In: 0.01 to 0.13% In has a peculiar function and effect of increasing machinability without adversely affecting the corrosion resistance as described above, and in order to effectively exhibit such a function. Must be contained in an amount of 0.01% or more. However, if the content is too large, the hot workability tends to be remarkably deteriorated, so 0.13% is set as the upper limit at which such adverse effects are not substantially manifested.

The present invention is constructed as described above and has a high M
n Non-magnetic steel composition, especially C, Mn, N, Mo, S,
While specifying the content of Al, etc., Ni equivalent and Cr
By specifying the equivalent weight and containing a small amount of In, the machinability and corrosion resistance can be remarkably enhanced while maintaining the stable non-magnetic property and high strength which are the original properties of high Mn non-magnetic steel. Therefore, it is possible to provide an ideal high Mn non-magnetic steel satisfying all the required properties of corrosion resistance, strength, non-magnetic property and machinability.

Next, examples of the present invention will be shown.
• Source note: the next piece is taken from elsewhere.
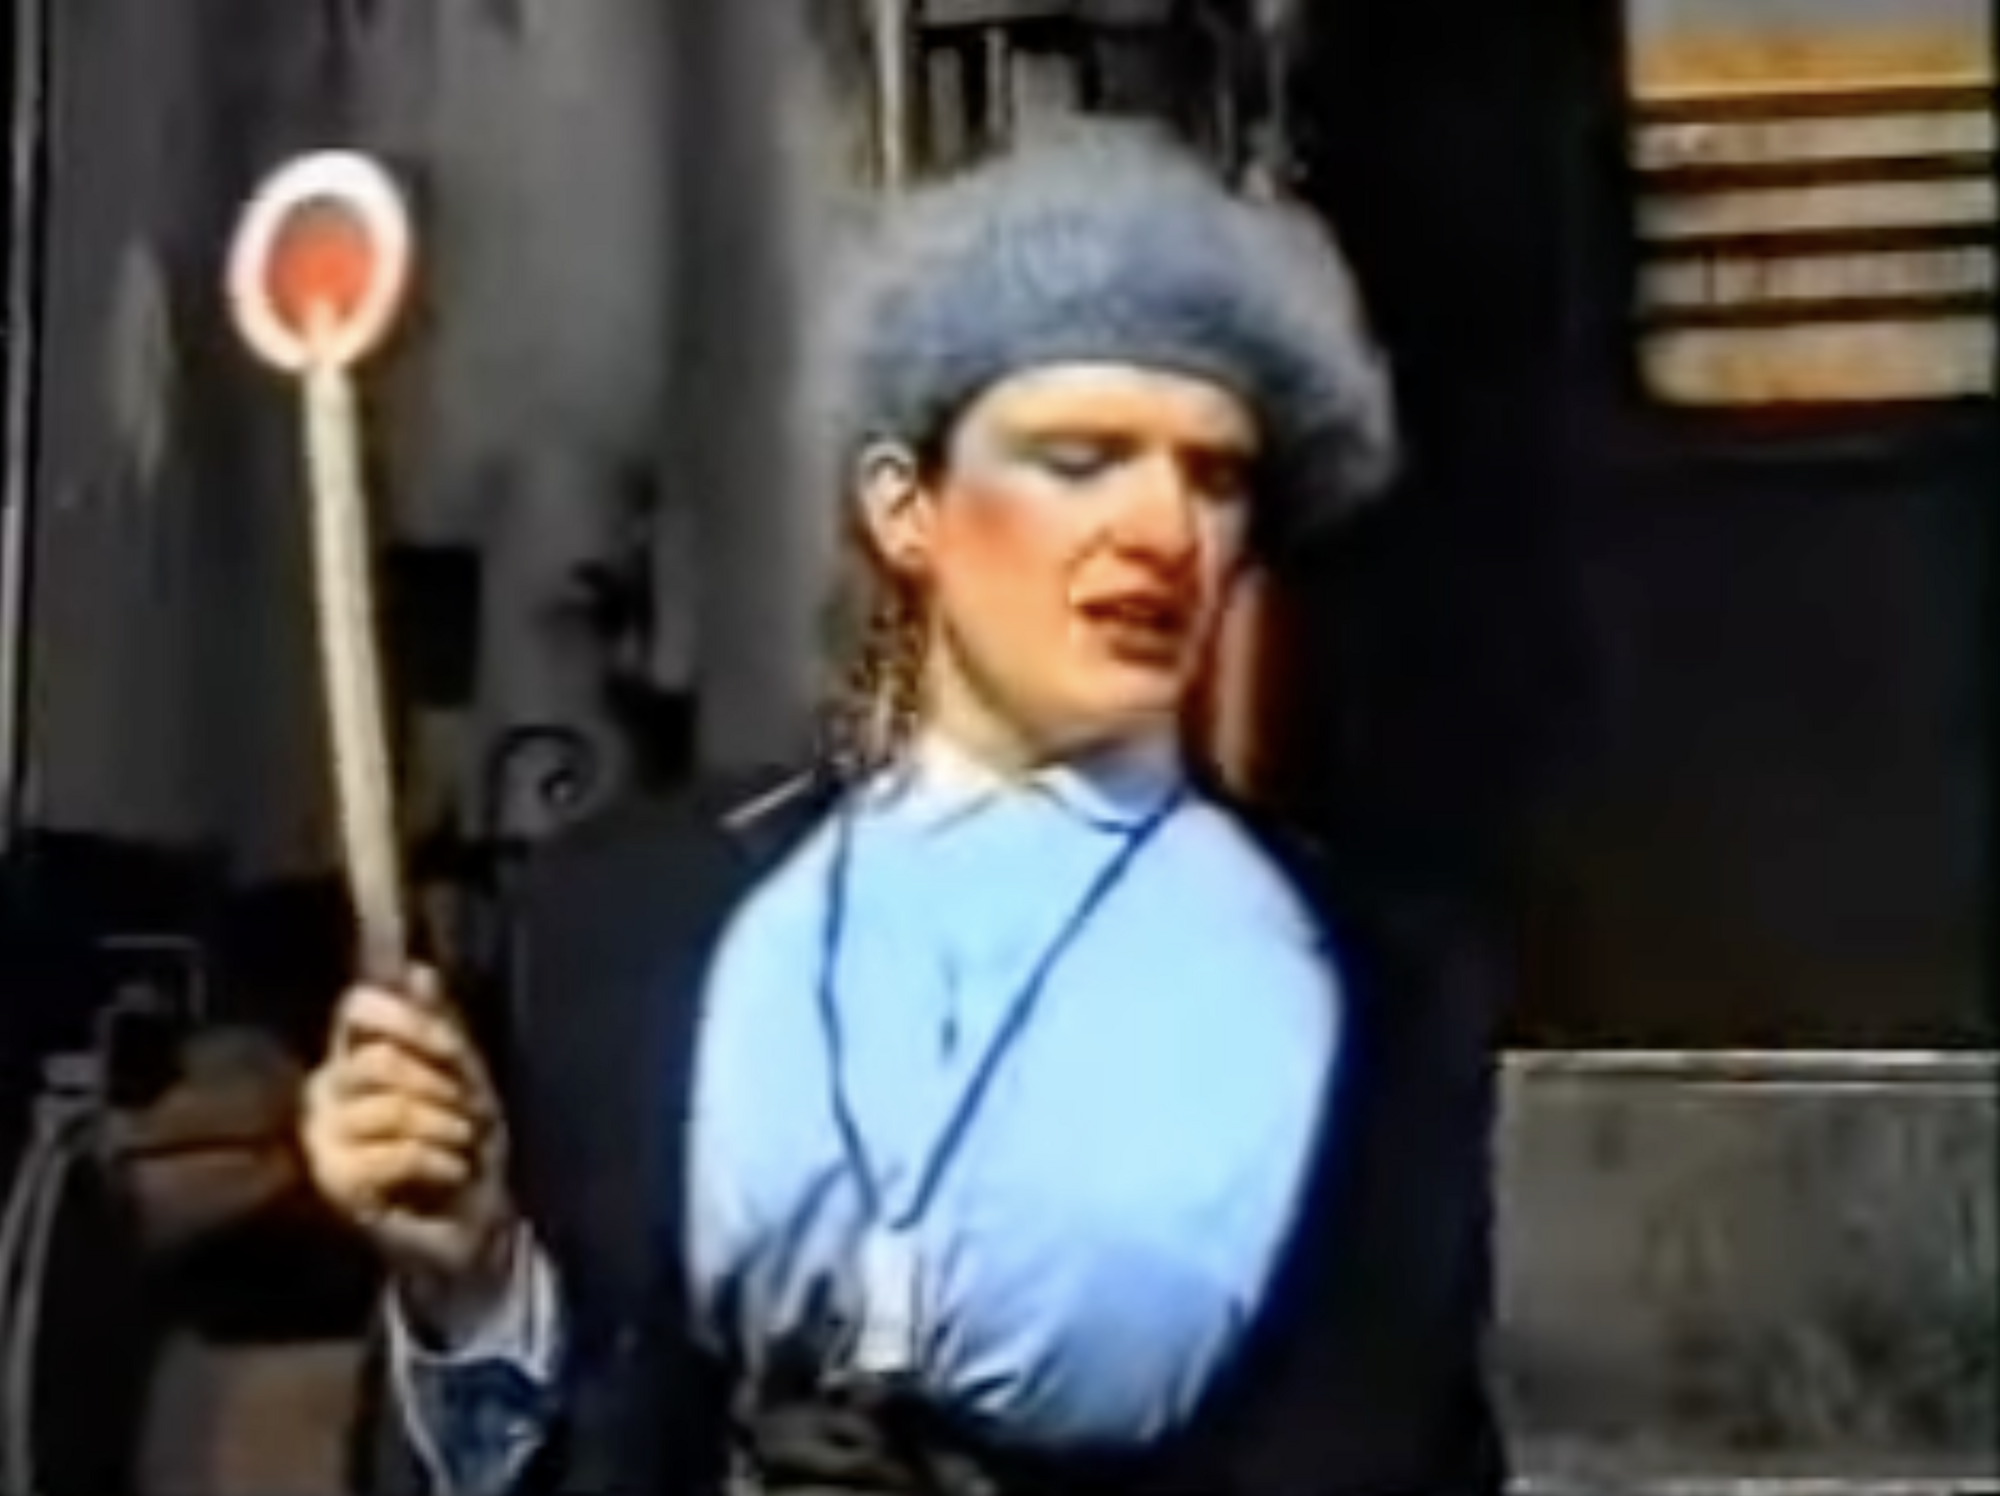 Это был Андрей Данилко, а не Верка Сердючка: появились интересные детали видео 1995 года, где артист говорит по-украински

However, the present invention is not limited by the following examples, and
Any appropriate modification and implementation within a range that is compatible with the spirit of the preceding and following statements is included in the technical scope of the present invention.

[0018]

EXAMPLES 15 high Mn non-magnetic steels having the composition shown in Table 1 were used.
It is melted in a 0 kg high frequency furnace, cast and then forged to a diameter of 25 mm or a diameter of 80 mm and then subjected to a solution treatment to give a diameter of 25 mm.
The forged material having a diameter of 80 mm was subjected to a corrosion resistance test, a room temperature tensile test and a high temperature tensile test after processing the test piece, and the forged material having a diameter of 80 mm was subjected to a cutting test. The test results are shown in Table 2. The test conditions are as follows.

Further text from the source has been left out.